A Cute Application of Mapping Class Groups

Let’s start with a fairly innocuous question:

Question: What elements of \pi_1(\mathbb T^2) can be represented by a  (homotopy class of a) simple closed curve?

A naive guess might be that with some effort, every element can be obtained by some simply closed curve, but further inspection shows that this cannot be the case. For example, first drawings of the element (2,0) will show that the curve crosses itself. On the other hand, there are elements that surely can be represented: (1,0), (2,1), (3,2) and so on. In fact, given any (a,b) with \mathrm{gcd}(a,b)=1, we have the following procedure:

which fails for when (a,b) have a common factor, since it produces multiple curves!

However, we claim that indeed these are the only elements of \pi_1(\mathbb T) that can be represented by a simple closed curve.


To do this, we need to make the following definition:

Definition: A separating curve (in the sense of the Jordan curve theorem) is one that bounds a disk  on the Torus. Otherwise, a curve is said to be nonseperating.

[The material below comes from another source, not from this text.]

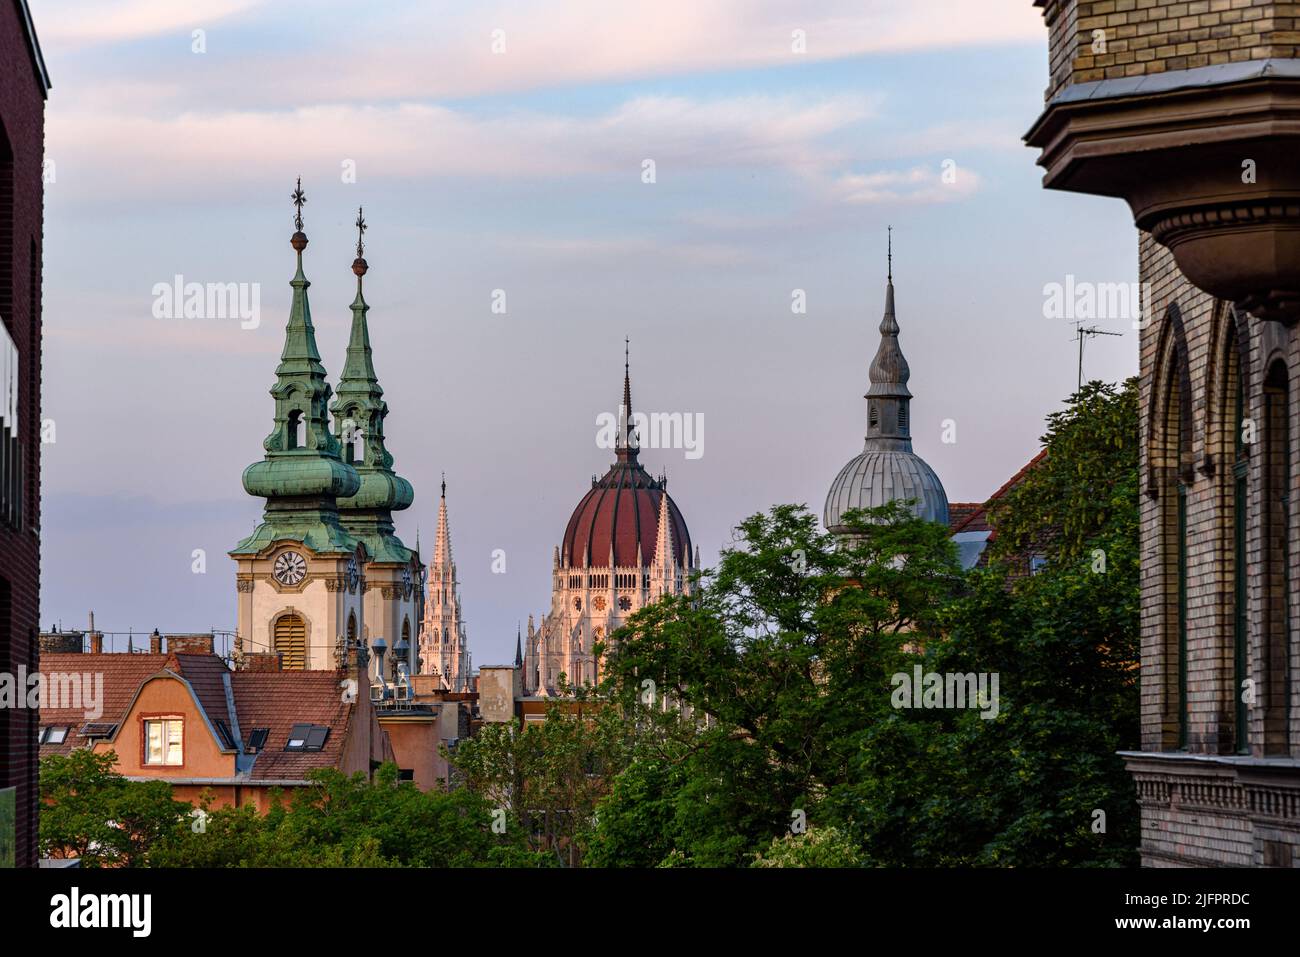 A view of the dome of the Hungarian parliament building and church spires as seen from Buda Stock Photo

Since we will only consider curves up to homotopy, it is clear that we care mostly about nonseparating curves. Here is the crux of the argument:

Cutting along a non-separating curve produces a cylinder.  To see this, note that \chi(\mathbb T)=0, and that cutting along a nonseperating curve also has euler characteristic 0, almost by construction (in particular, consider a CW-structure,and notice that it doubles the 0-cell, but also adds a 1-cell, so it leaves \chi invariant. Using the classification of surfaces with boundary, we see that this must be a cylinder.


But then, consider the cylinder given by cutting along (1,0) and call this C_1. Similarly, take any other nonseparating curve, and consider its defining cylinder, C_2. There is obviously a homeomorphism h:C_1  \to C_2, and by passing to the quotient that identifies the two connected components of the boundary (along the curve we cut), the homeomorphism descends to \tilde{h}:T \to T, and it maps (1,0) to the other simple closed curve. In particular, we have reduced the question to determining where (1,0) can go under a homeomorphism. This essentially rephrases the question: how does \mathrm{Homeo}^{+}(\mathbb T) act on \pi_1(\mathbb T)? Clearly, any homeomorphism isotopic to identity acts trivially so this gives us the reduction

Question 1.1: How does \mathcal{M}(\mathbb T) act on \pi_1(\mathbb T)=\mathbb Z \oplus \mathbb Z?

Well, clearly every homeomorphism h:\mathbb T \to \mathbb T gives a  automorphism h_*: \mathbb  Z^2 \to \mathbb Z^2 by functoriality. Hence, we have a homomorphism \phi: \mathcal{M}(\mathbb T) \to \mathrm{Aut}(\mathbb Z^2)=SL_2(\mathbb Z). This is injective, since we are considering homotopy classes of homeomorphisms. Indeed, we can check that it is surjective, by observing that any element T \in \mathbb SL_2(\mathbb Z) has the property that  for any real numbers x,y \in \mathbb R and m,n \in \mathbb Z, we have T(x+m,y+n)=T(x,y)+T(m^{\prime},n^{\prime} for some integers m^{\prime},n^{\prime}). However, \mathbb R^2 is the universal cover for the torus, and this condition means exactly that in the covering map p:\mathbb R^2 \to \mathbb T, this map also descends to some homeomorphism \tilde{T}: \mathbb T \to \mathbb T, since it is well defined in the quotient. Hence, we see that every element of SL_2(\mathbb Z) can be realized has a self-homeomorphism of \mathbb T^2, showing that our map \phi was surjective.


Hence, \mathcal{M}(\mathbb T)=SL_2(\mathbb Z), and by studying the image of (1,0), we need only look at an element of T \in SL_2(\mathbb Z), and note that there exists a map T(1,0)=(a,b) if and only if gcd(a,b)=1, which completes the proof.